- Directed by: Tom Zuber
- Written by: Tom Zuber Jeff Zuber
- Produced by: Tom Zuber Larry Romano Chad Marshall Josh Lawler
- Starring: John Patrick Amedori Erica Leerhsen DJ Qualls Rachel Miner Michelle Horn Michael Peña Jill Ritchie Danny Wolske
- Cinematography: Lisa Wiegand
- Edited by: Aaron Toaso Tom Zuber
- Music by: Barak Moffitt
- Production company: Legaci Pictures
- Distributed by: THINKFilm
- Release dates: June 2005 (CineVegas International Film Festival); November 21, 2006 (DVD);
- Running time: 103 minutes
- Country: United States
- Language: English

= Little Athens =

2005 film

Little Athens is a 2005 American independent film directed by Tom Zuber, which stars John Patrick Amedori, Erica Leerhsen, DJ Qualls, Rachel Miner, Eric Szmanda, Michael Peña, and more.

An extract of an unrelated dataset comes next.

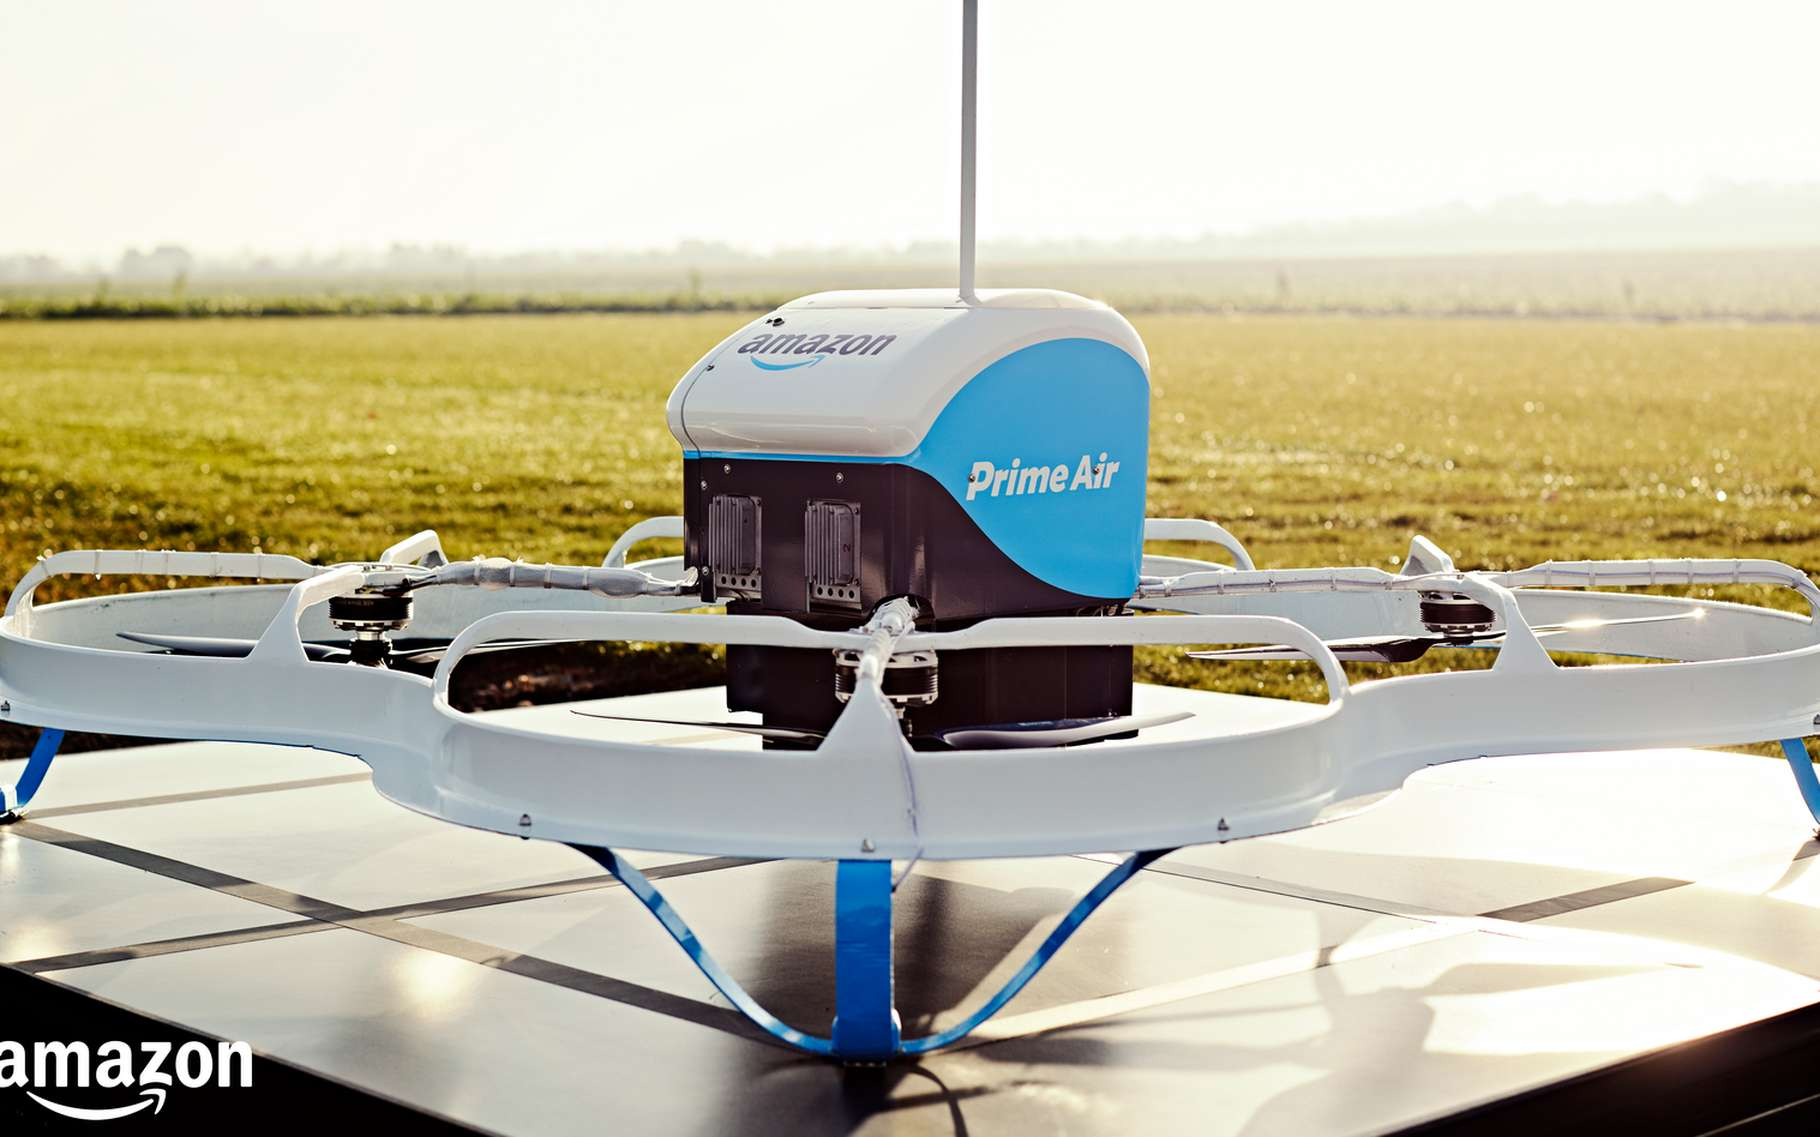 Voici la nouvelle version du drone livreur qu'Amazon teste actuellement en Angleterre. © Amazon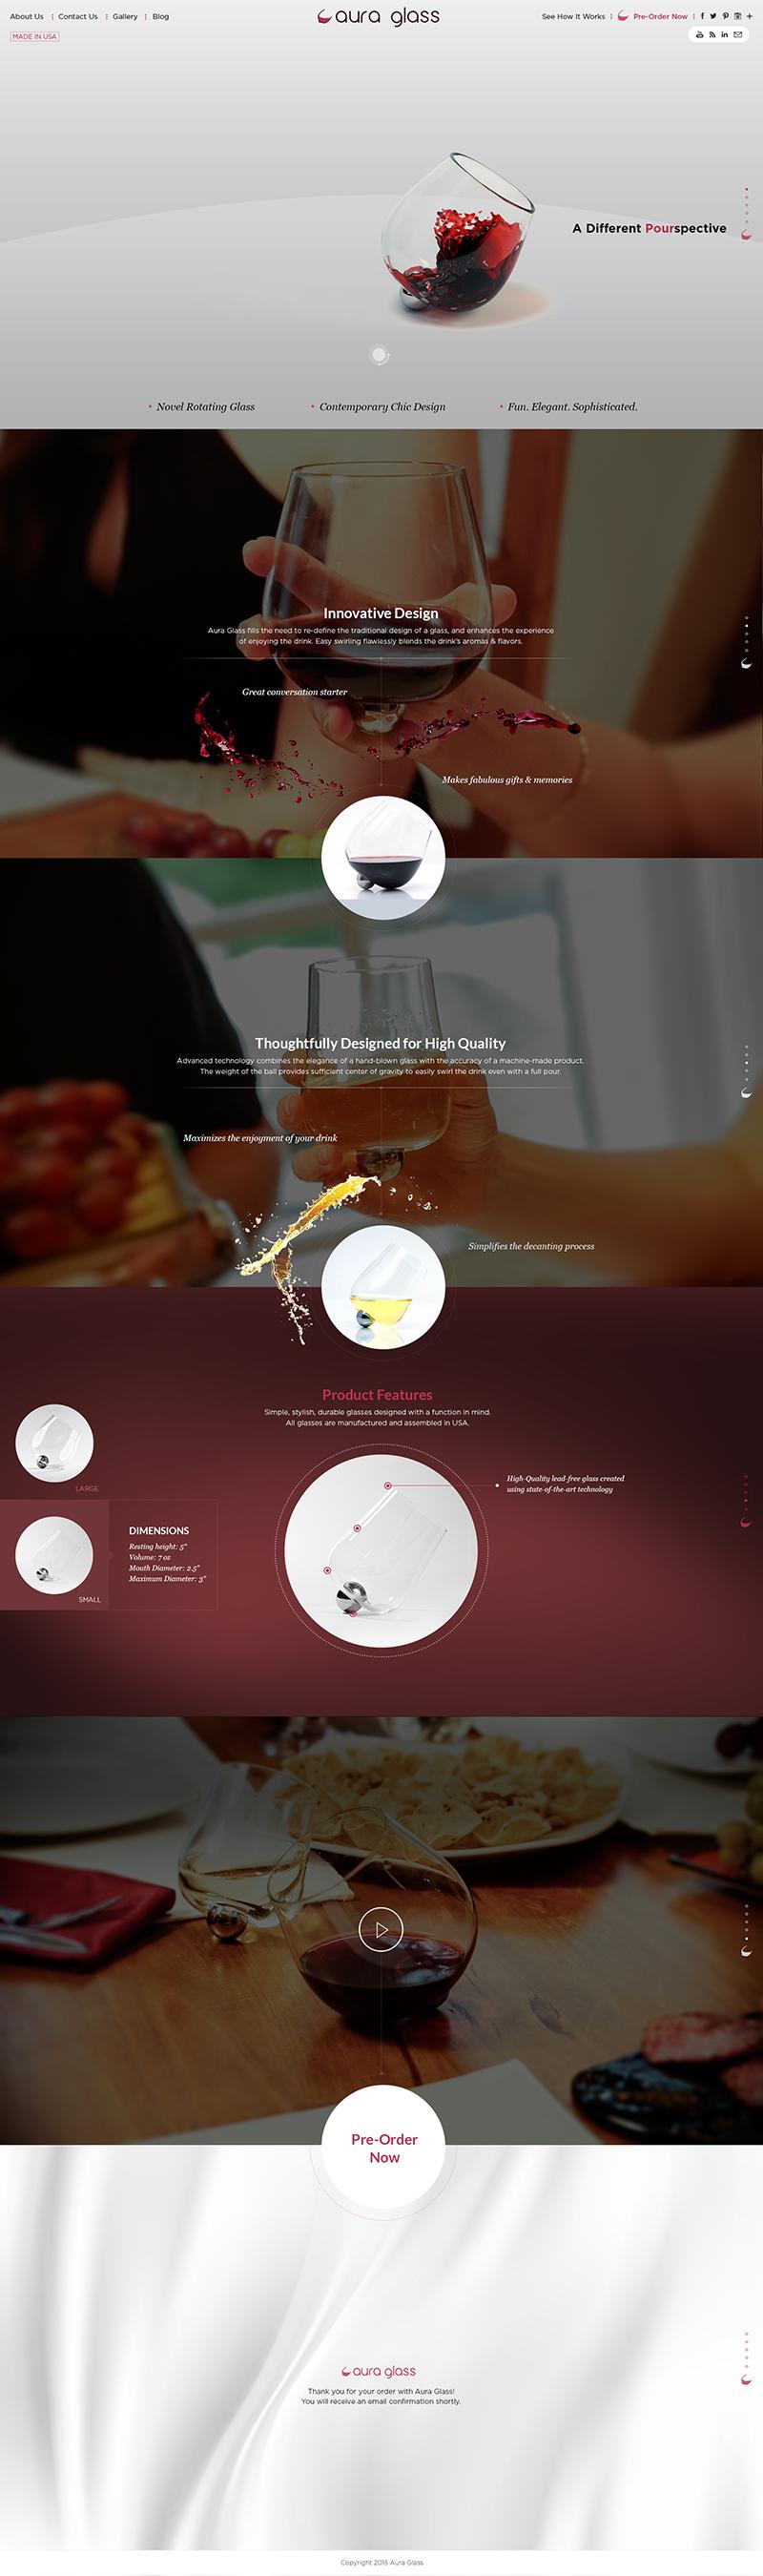 ZeromassWater Website Design Preview

Despite premiering at the Toronto International Film Festival in 2005, it was not released on DVD until November 21, 2006.

==Plot==
Little Athens follows a whirlwind day in the hapless lives of small town youth caught in a dead-end post-high school void. The journeys of four groups of late teens/early twenty-somethings unfold through four different storylines. Their separate trails converge at an explosive house party.

==Cast==
- John Patrick Amedori as Jimmy
- Erica Leerhsen as Heather
- DJ Qualls as Cory
- Rachel Miner as Allison
- Eric Szmanda as Derek
- Shawn Hatosy as Carter
- Michelle Horn as Emily
- Jorge Garcia as Pedro
- Jill Ritchie as Jessica
- Michael Peña as Carlos
- Danny Wolske as Bobby
- Kenny Morrison as Aaron
- Leonardo Nam as Kwon
- R.J. Knoll as Brad
- Forrest Landis as Kevin
- Esteban Powell as Troy
- Mary-Pat Green as Mrs. Carlson
- Tory Kittles as Sinjin

==Critical reception==
Mark Bell from Film Threat wrote that "Little Athens spends enough time gradually introducing us to the characters as they are, in their lives, not spending minutes upon minutes on random exposition, and the end result is that, though the characters are numerous and the plotlines varied, you never feel overwhelmed or lost." The reviewer also praised the cast, calling the actors' work "astonishing", and highlighted the acting skills of Erica Leerhsen and DJ Qualls.